YOUR TASK -
Two lines mark the range in the entries below: the one holding "McGill Slim Fit" and the one holding "parazero-logo-final". Set down those two and all lines between them, exactly.

SUPPLIED MATERIAL -
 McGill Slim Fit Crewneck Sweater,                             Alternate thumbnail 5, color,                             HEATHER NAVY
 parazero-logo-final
---
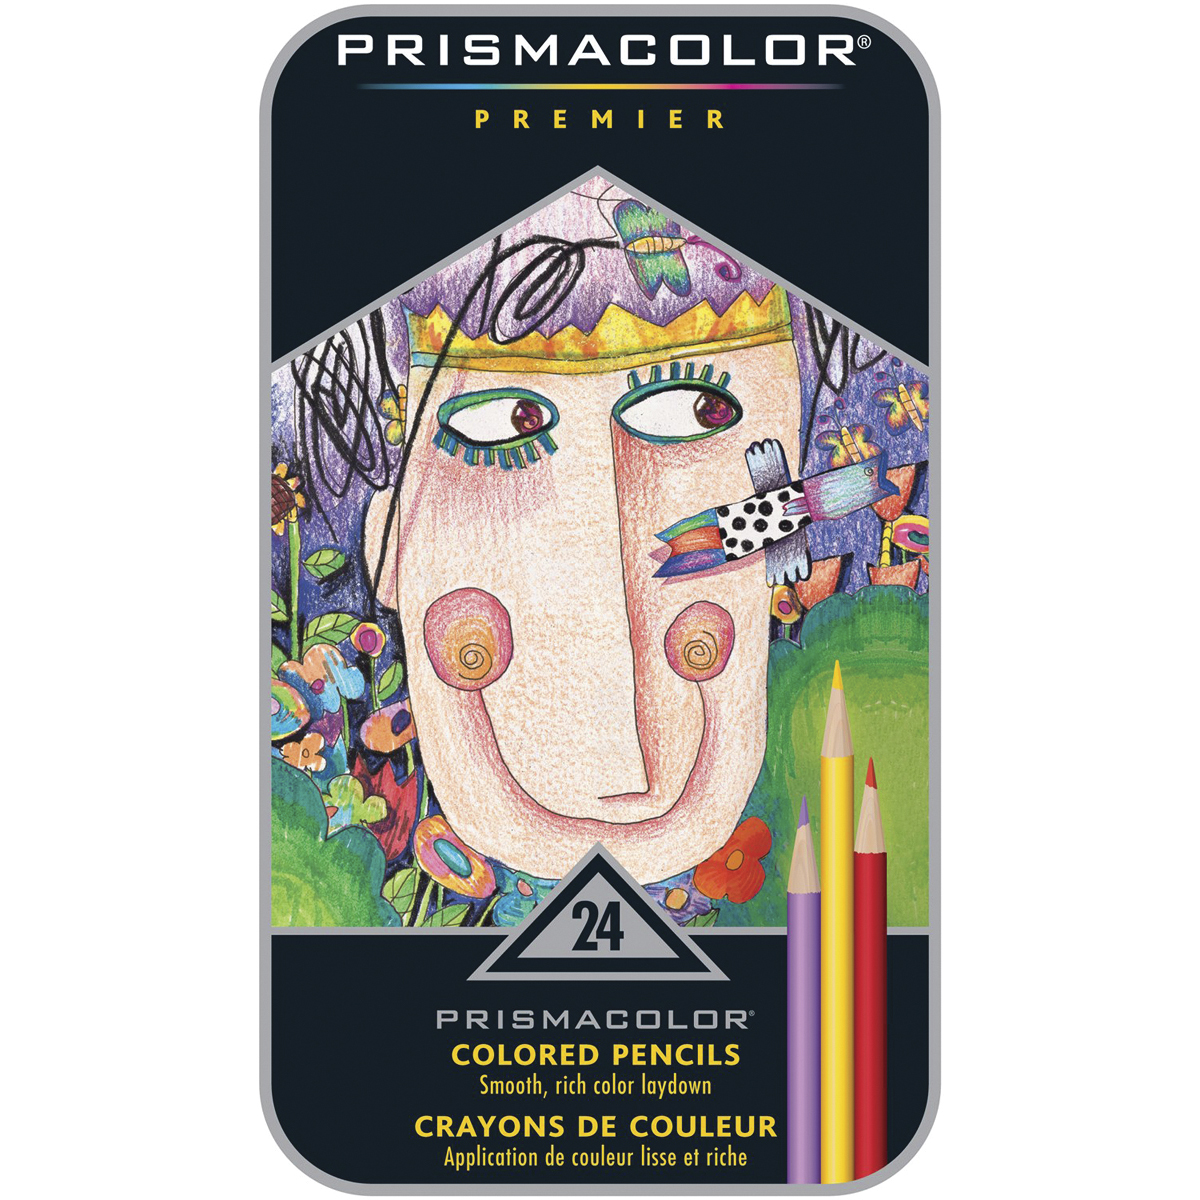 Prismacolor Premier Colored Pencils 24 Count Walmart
--
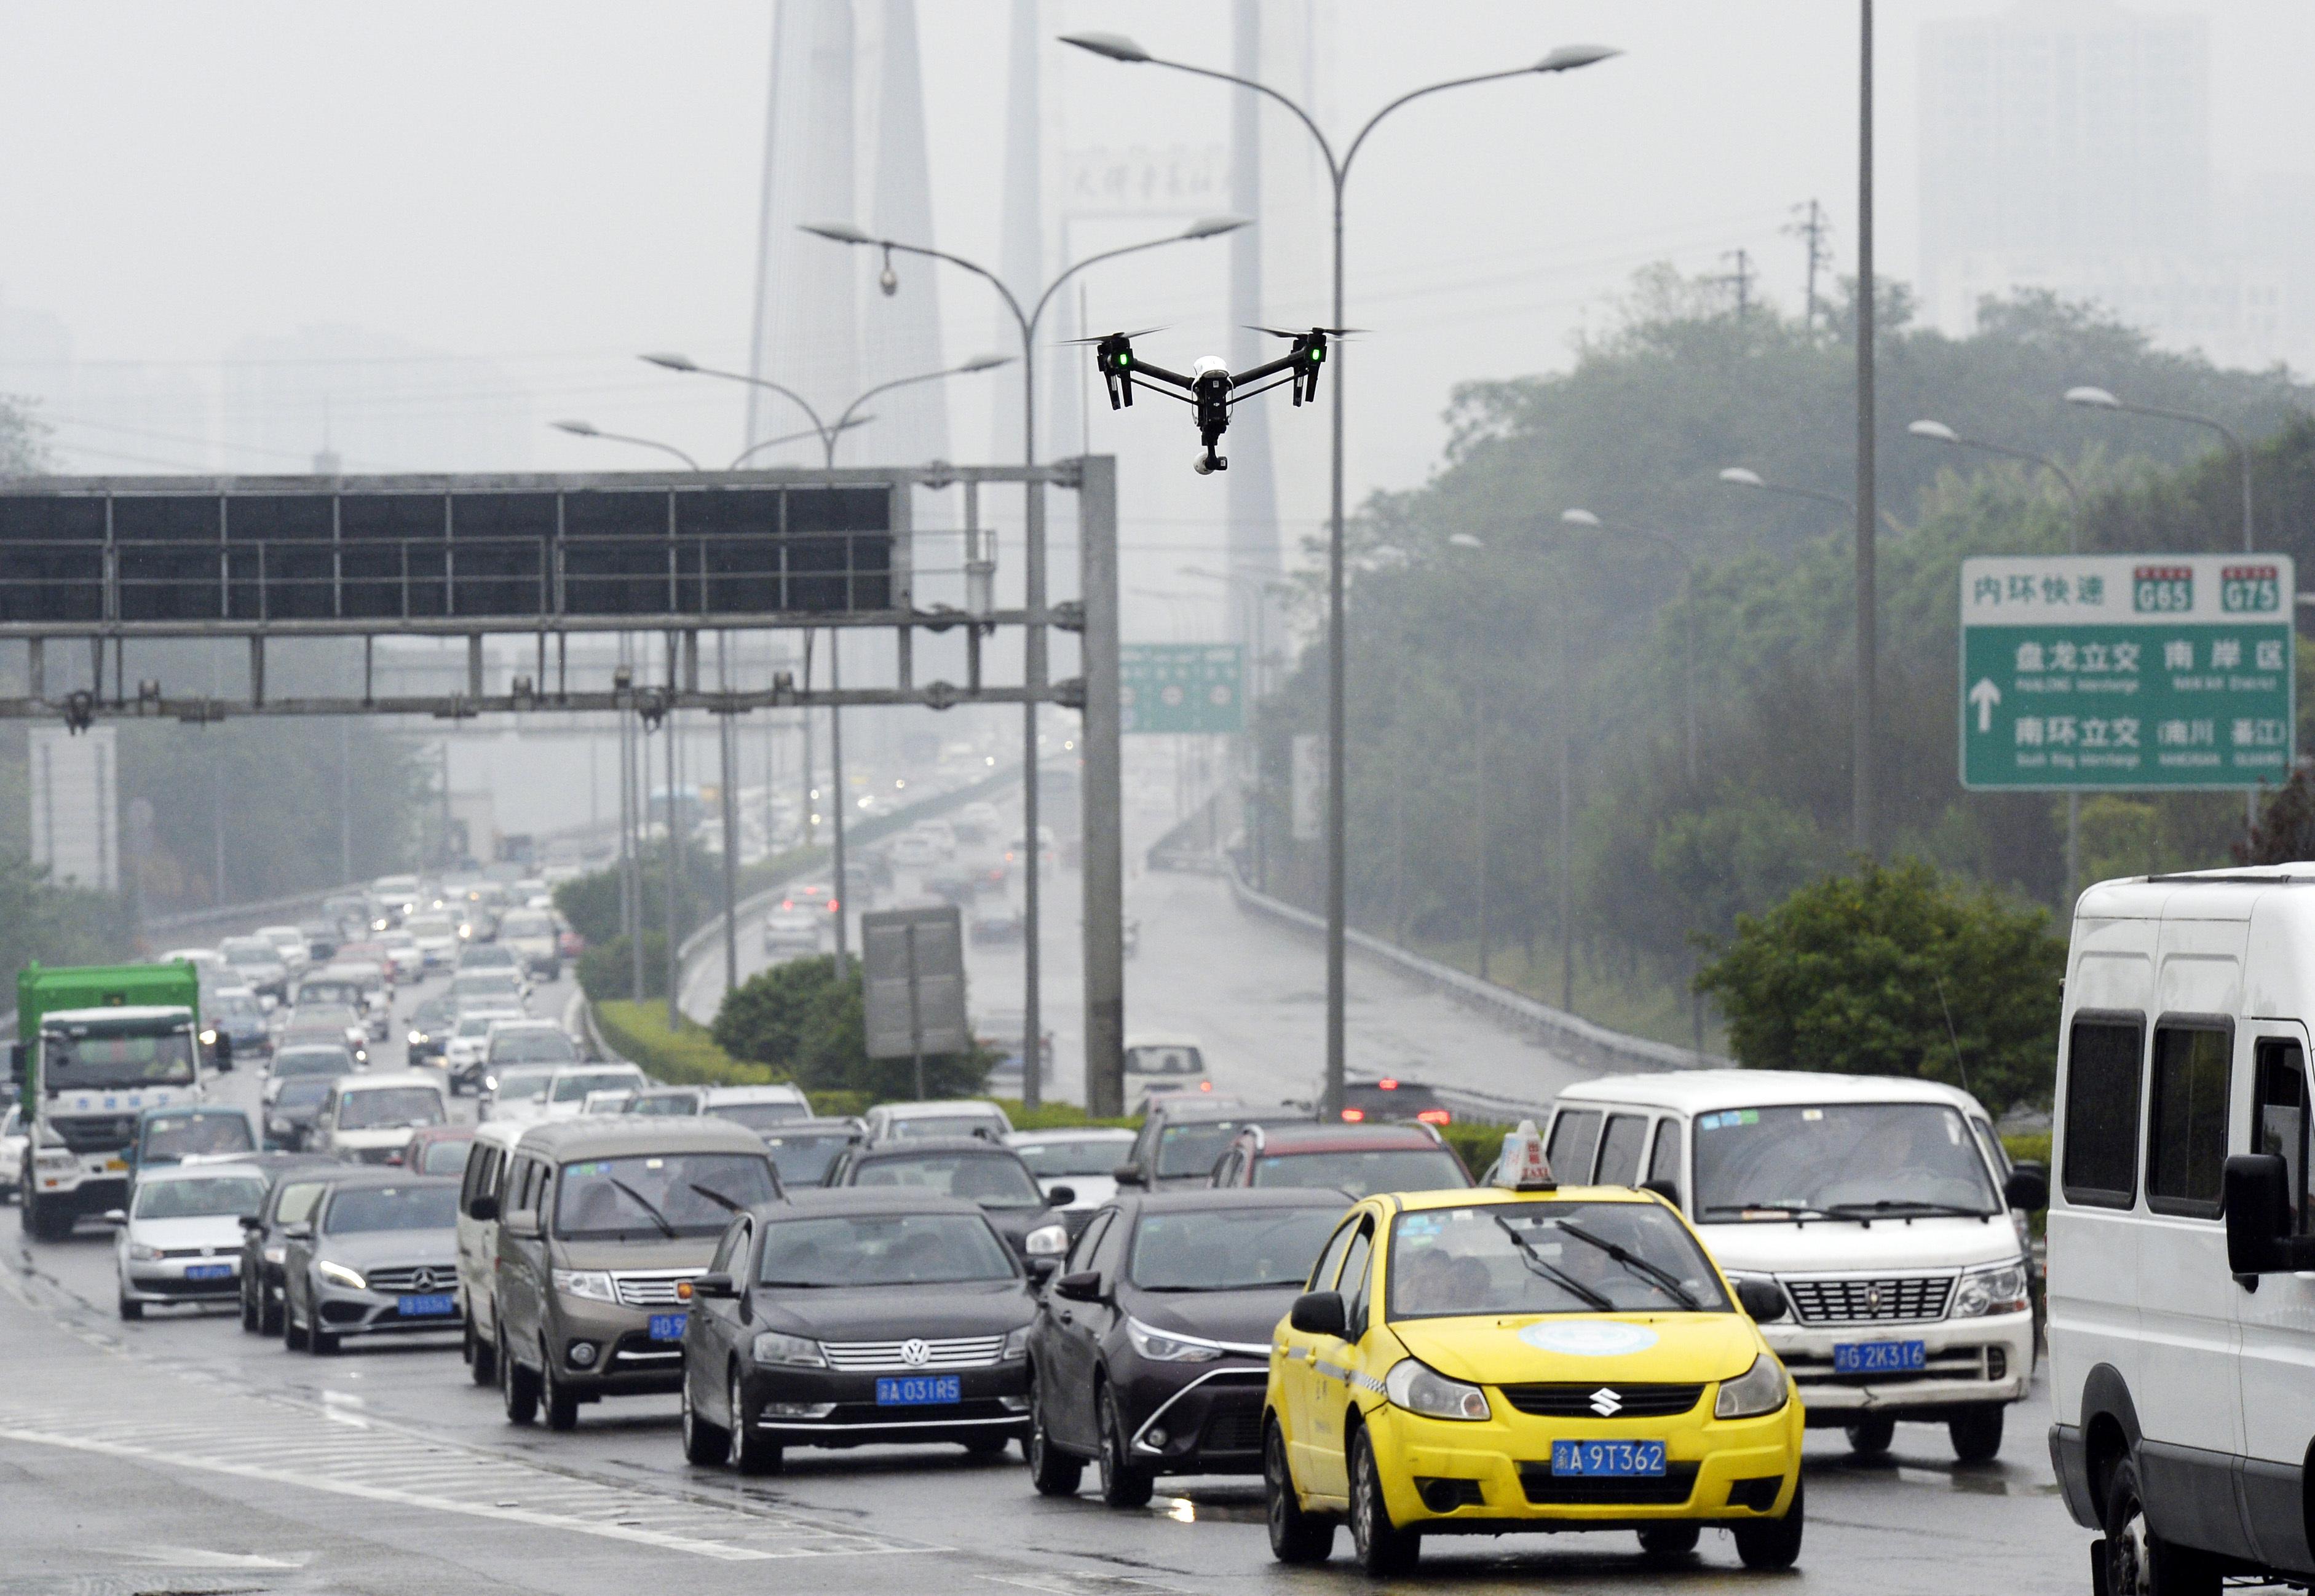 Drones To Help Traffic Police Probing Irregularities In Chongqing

RESPONSE FOR THIS EXERCISE -
 McGill Slim Fit Crewneck Sweater,                             Alternate thumbnail 5, color,                             HEATHER NAVY
 parazero-logo-final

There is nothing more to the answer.